**Data provided**
☆ ☆ ☆ ☆

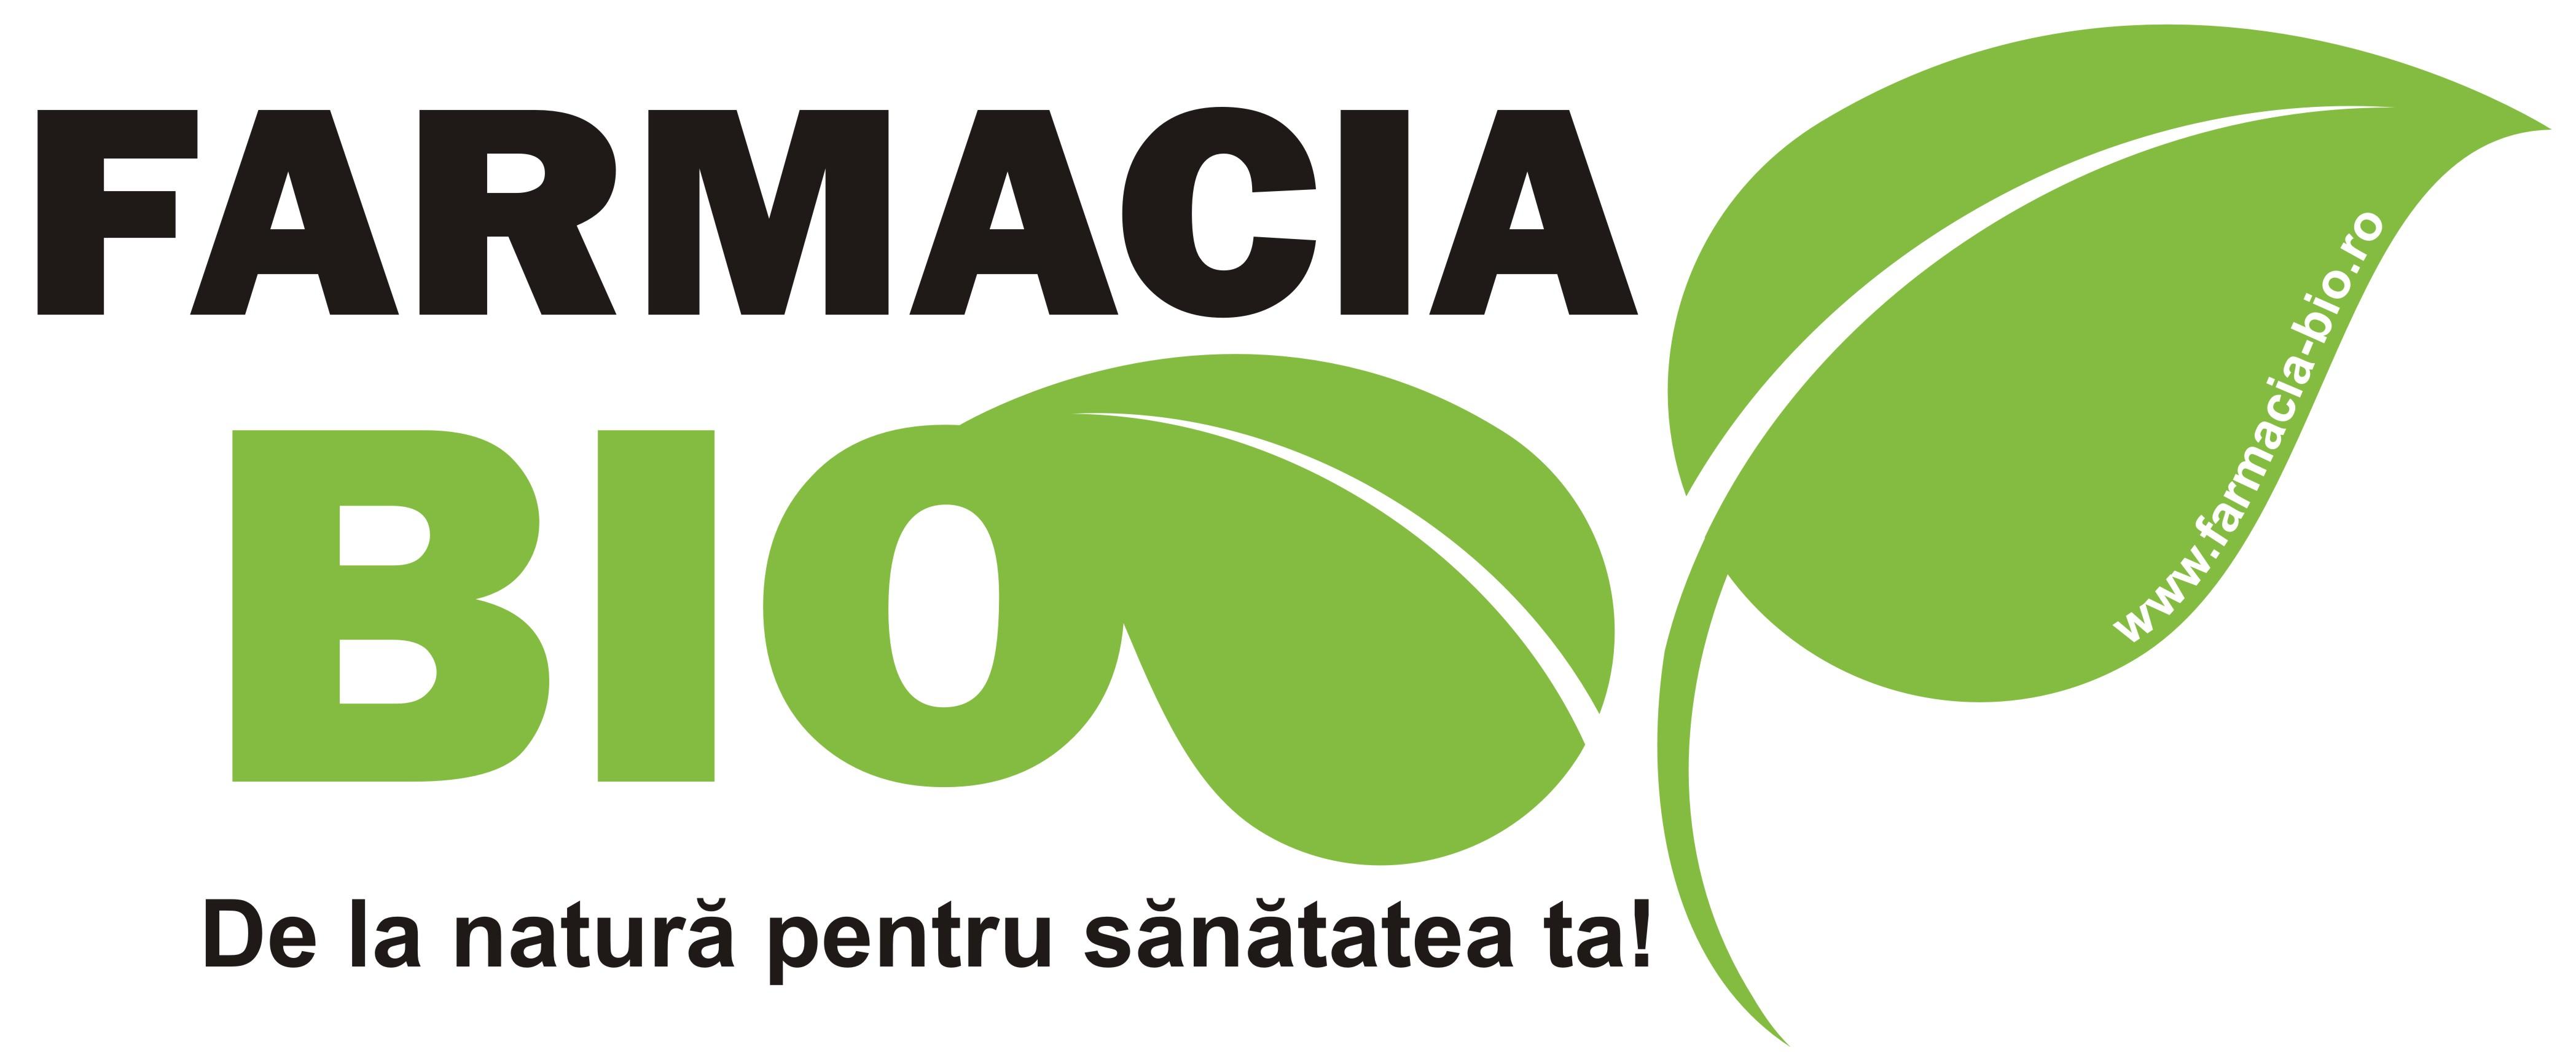 Farmacie Bio, Farmacie Naturista, Plafar Online
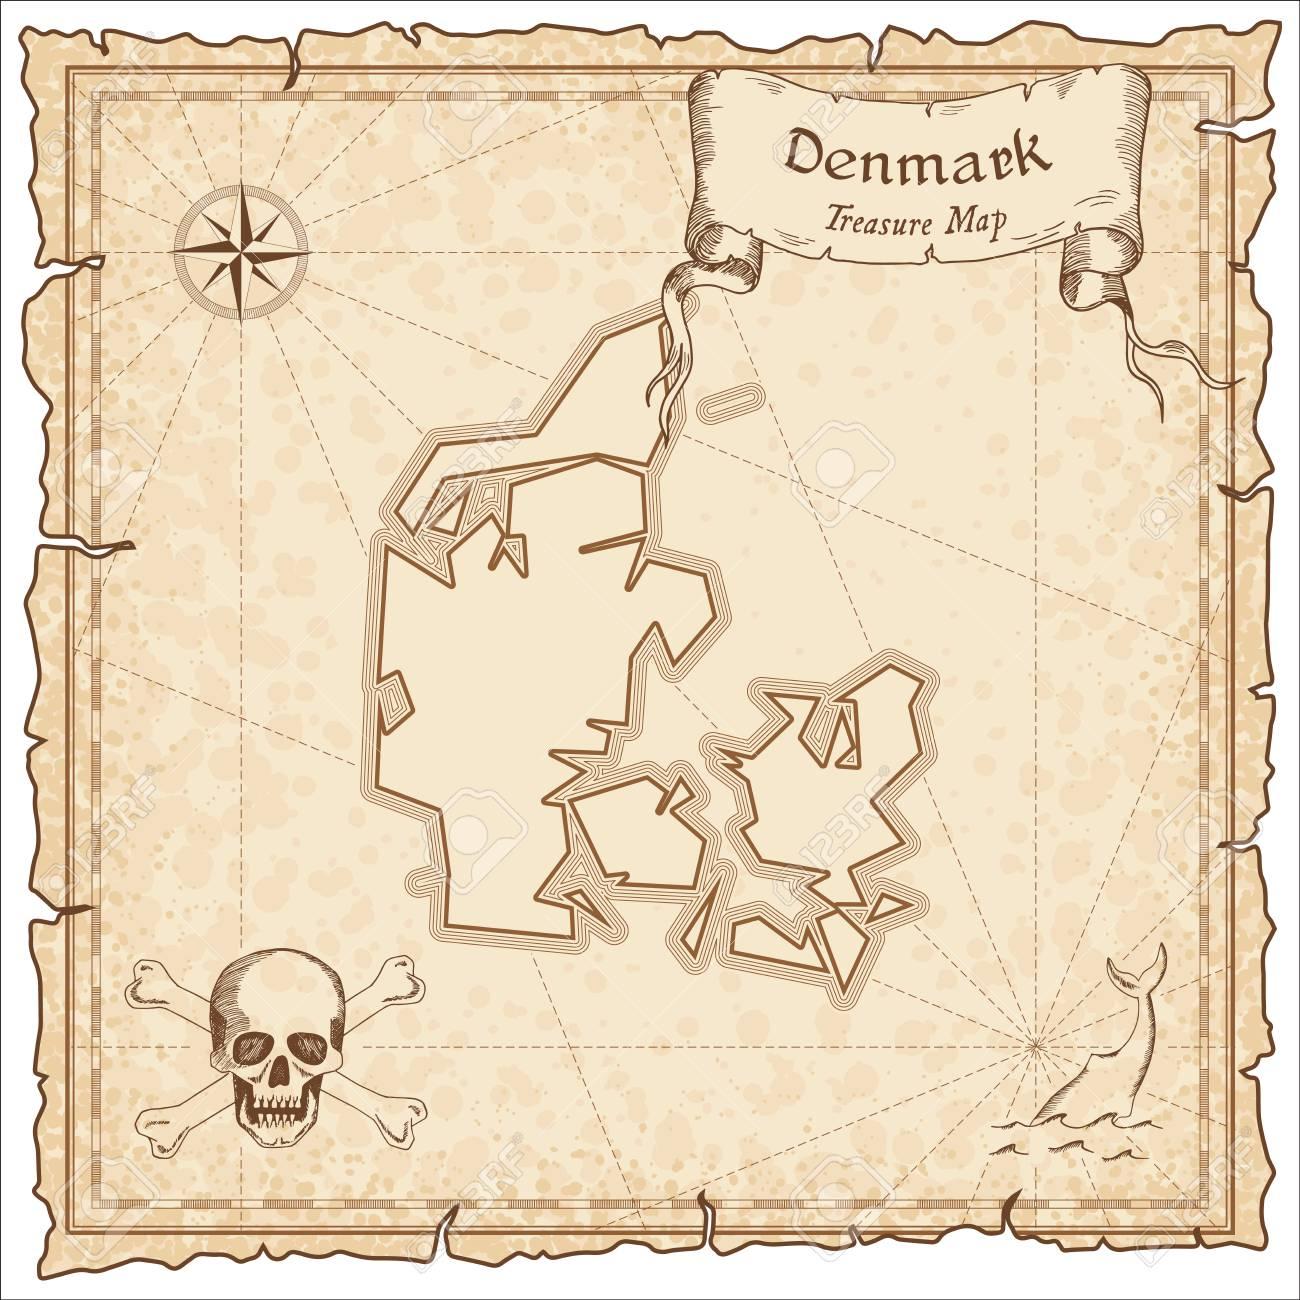 Favorit Dänemark Alte Piraten Karte. Sepia Gravierte Vorlage Der BY99
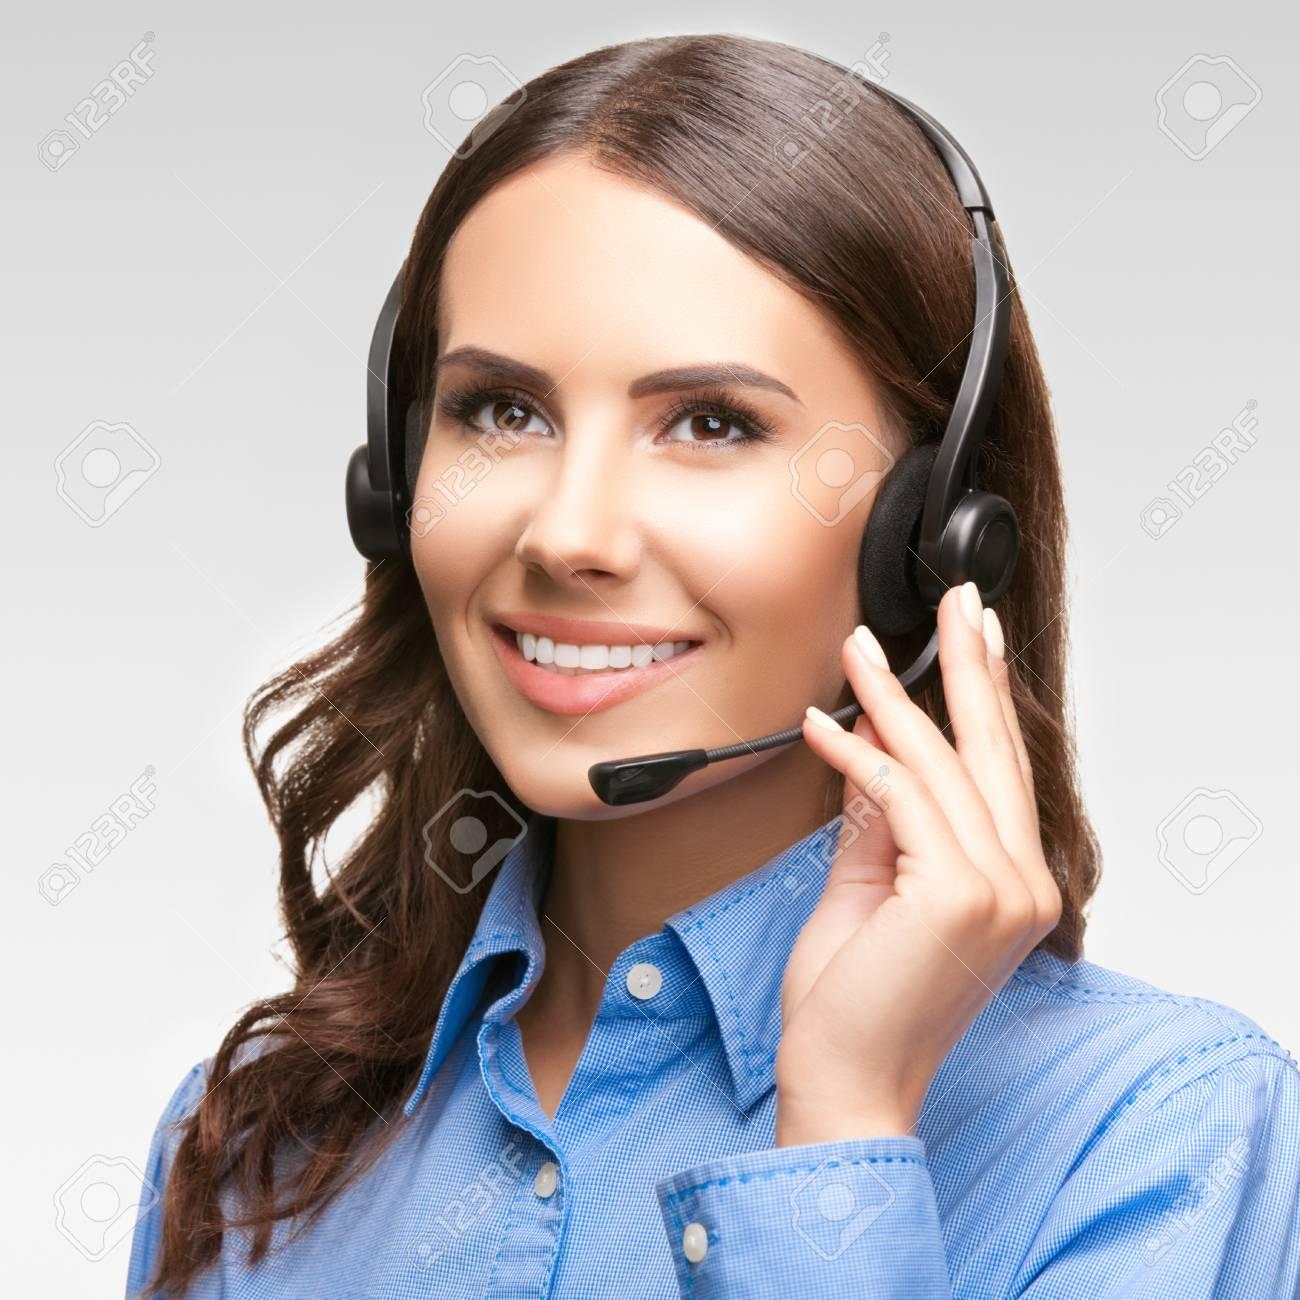 33706082-retrato-de-la-sonrisa-alegre-operador-telefónico-de-atención-al-cliente-en-el-auricular-contra-el-fondo-gr

☆ ☆ ☆ ☆

Print the listing exactly, images excluded.

**Task response**
 Farmacie Bio, Farmacie Naturista, Plafar Online
 Favorit Dänemark Alte Piraten Karte. Sepia Gravierte Vorlage Der BY99
 33706082-retrato-de-la-sonrisa-alegre-operador-telefónico-de-atención-al-cliente-en-el-auricular-contra-el-fondo-gr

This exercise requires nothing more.